%%

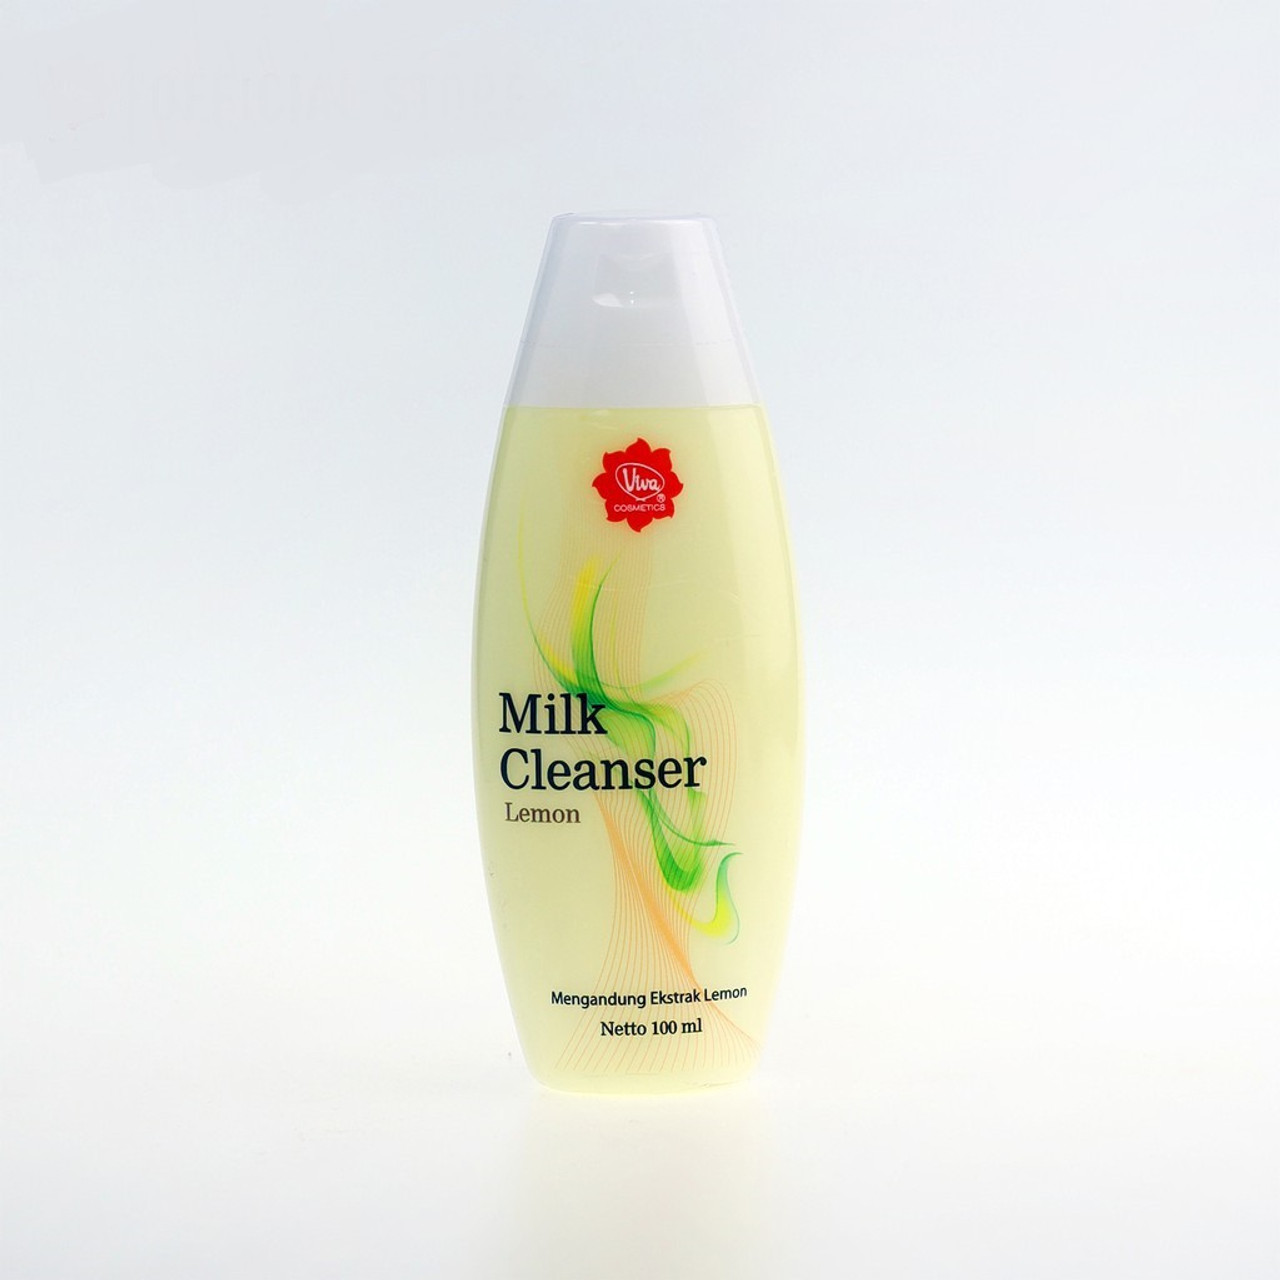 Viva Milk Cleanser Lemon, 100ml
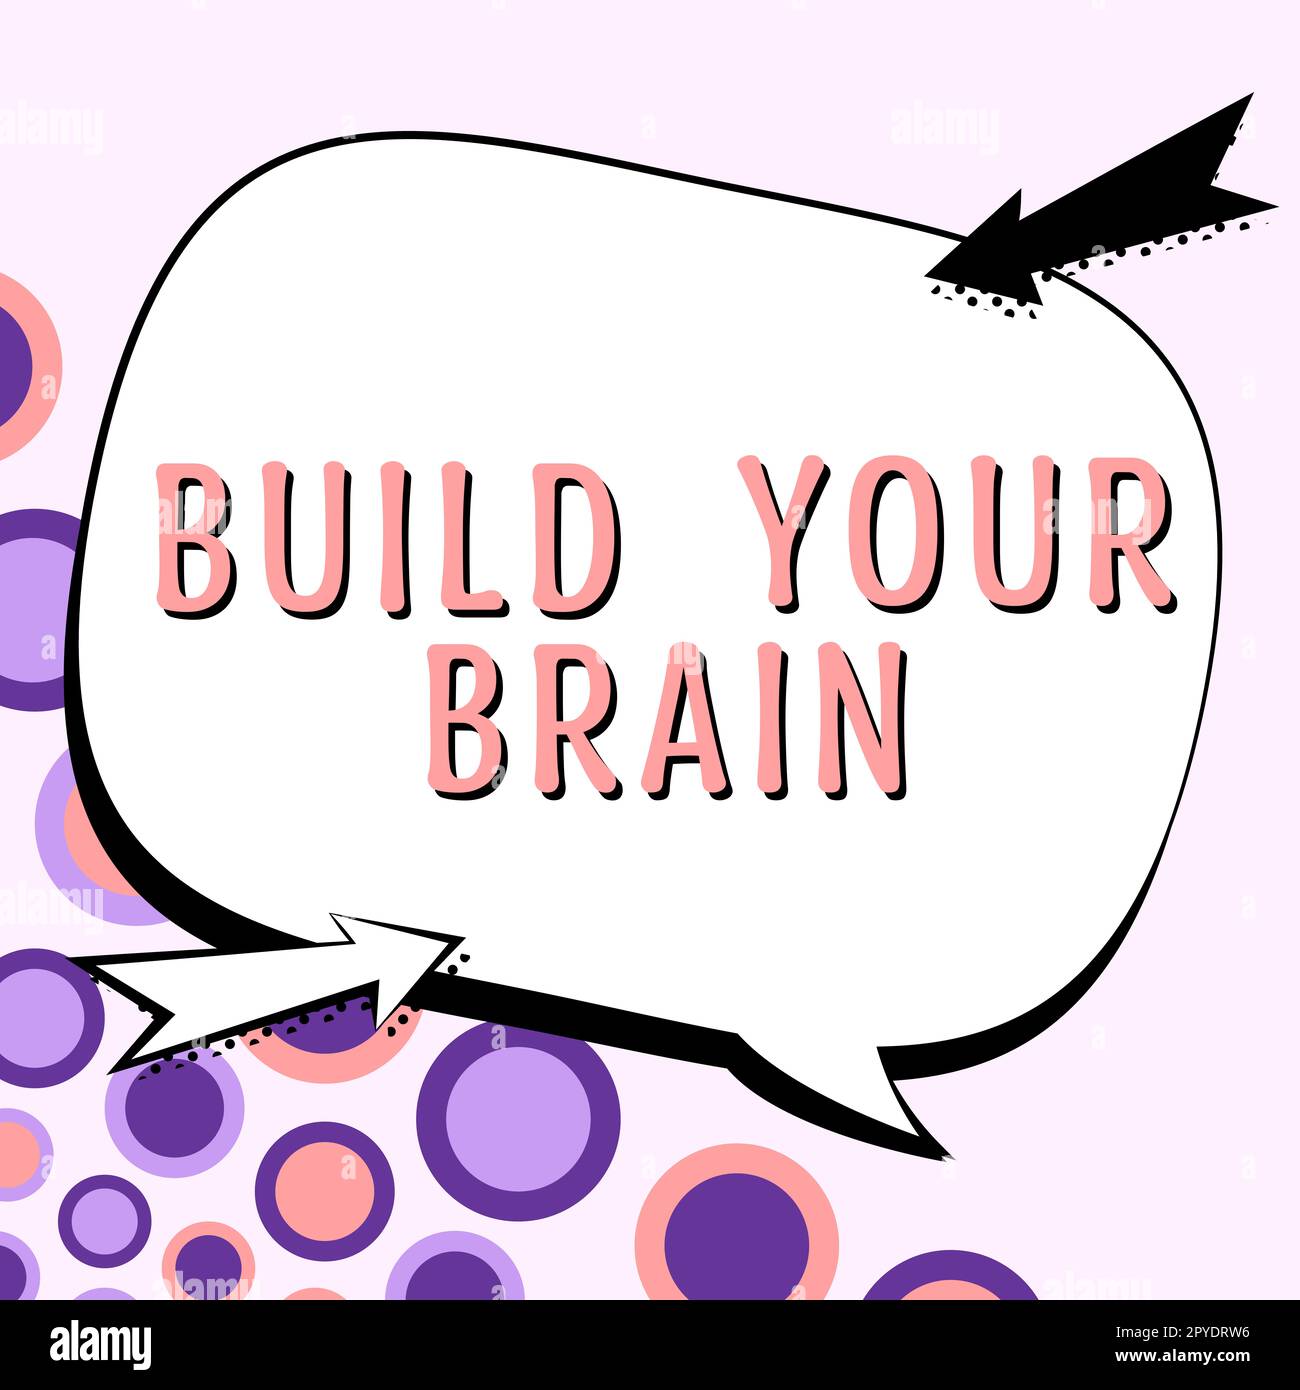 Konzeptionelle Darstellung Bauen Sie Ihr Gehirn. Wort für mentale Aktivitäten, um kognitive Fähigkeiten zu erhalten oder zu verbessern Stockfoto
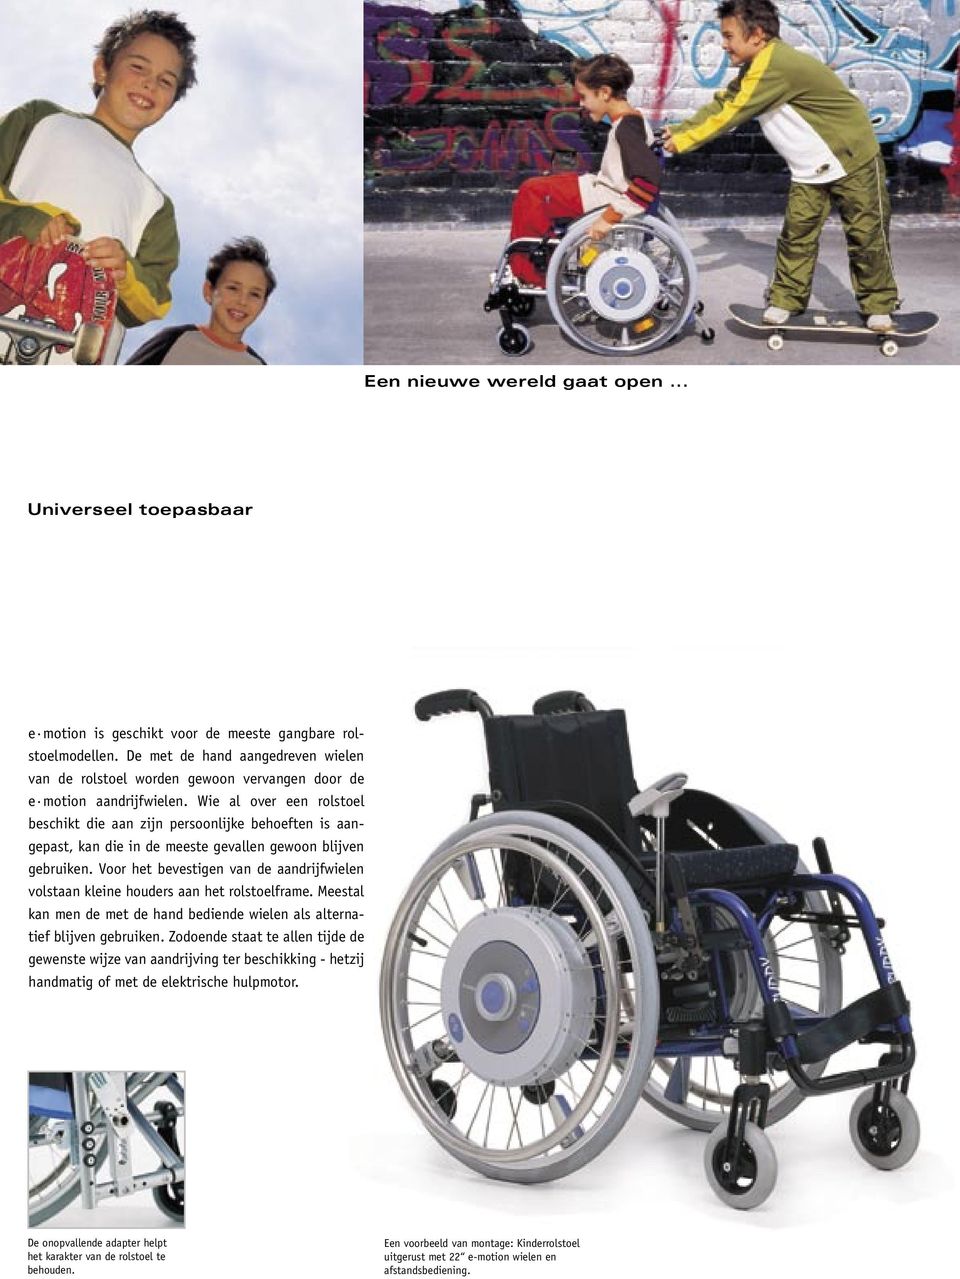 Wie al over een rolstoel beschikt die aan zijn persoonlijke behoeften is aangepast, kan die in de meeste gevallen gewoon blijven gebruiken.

%%

#### WHAT IS NEEDED:
Exactly as written, return each line above and leave the pictures behind.

#### RESPONSE BELOW:
 Viva Milk Cleanser Lemon, 100ml
 Konzeptionelle Darstellung Bauen Sie Ihr Gehirn. Wort für mentale Aktivitäten, um kognitive Fähigkeiten zu erhalten oder zu verbessern Stockfoto
 Wie al over een rolstoel beschikt die aan zijn persoonlijke behoeften is aangepast, kan die in de meeste gevallen gewoon blijven gebruiken.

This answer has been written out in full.